Но лицо было только лицом, а вот природная мимика, идущая вразрез с привычными для обычных людей выражениями, была у нее начисто перепутана. В этом и была ее особенность. Когда Серафима Карловна злилась, или сердилась на кого-то, а надо сказать, что сердилась она постоянно, лицо ее принимало самое благодушное выражение. А уж когда она была в ярости или кого-то ненавидела, лицо начинало светиться любовью и счастьем.
Словно Ангел господень, когда раздавал по капельке новорожденным котятам природное чувство эмпатии, чтоб они выжили в этом жестоком мире, ошибся и случайно вылил полведра волшебной амброзии на новорожденную Серафиму. Поэтому выражение ее лица шло вразрез с ее истинными чувствами, и окружающие с удивлением говорили промеж собой: – Как же она любит этих негодяев и отщепенцев. Наверное, святая!
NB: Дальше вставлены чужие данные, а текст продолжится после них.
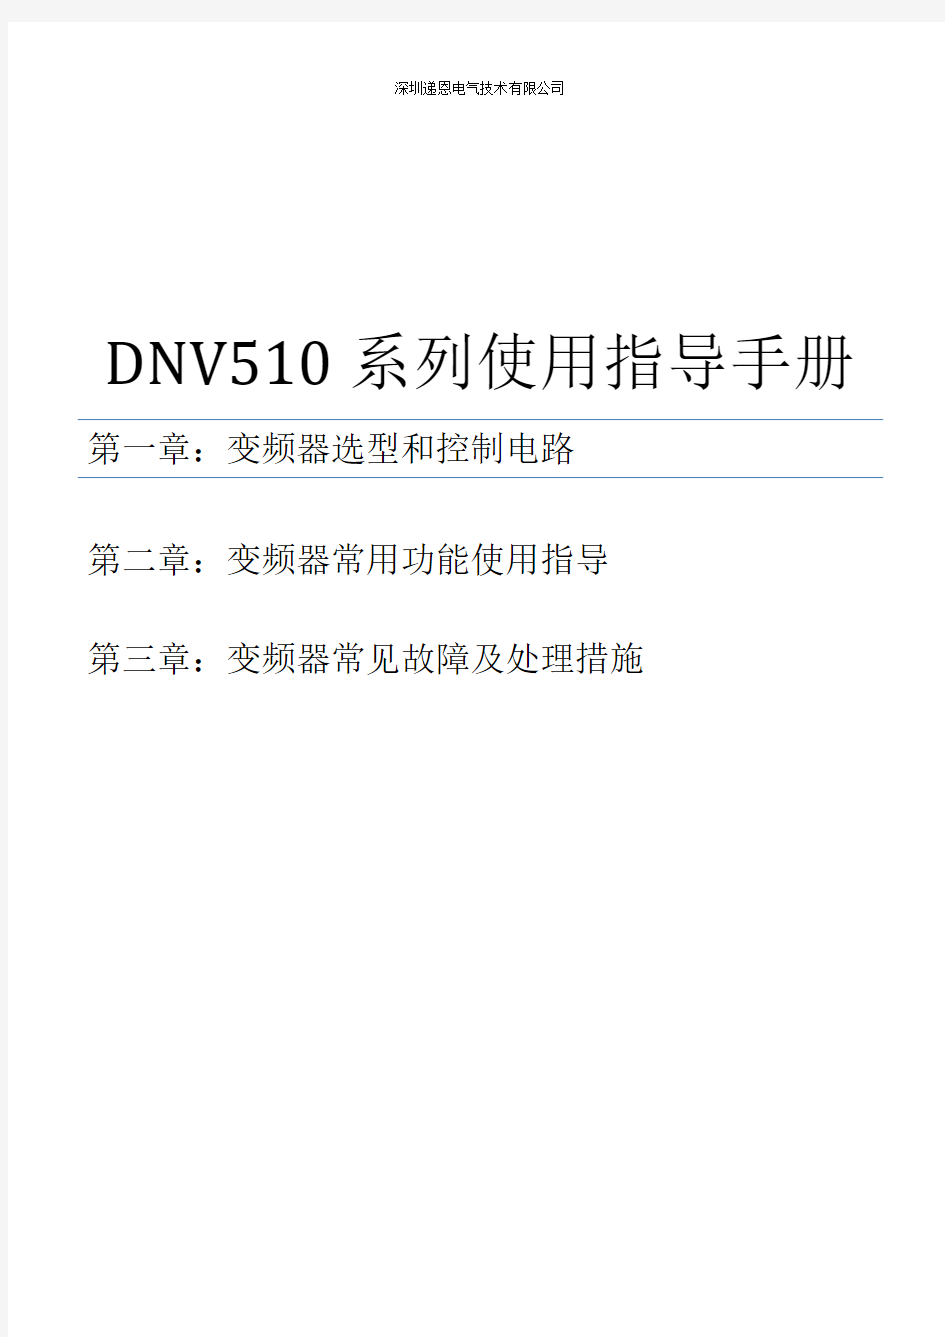 DNV510变频器简易使用指导手册

Об этой ее физической особенности знал только один человек на Земле, ее ребенок, Стёпа. Плод ее девичьей ошибки, совершенной в юном возрасте. Обладая и манипулируя этим тайным, сокровенным знанием, он сумел полностью поработить то существо, что называл своей матерью, и умело пользовался ее незащищенностью перед ним.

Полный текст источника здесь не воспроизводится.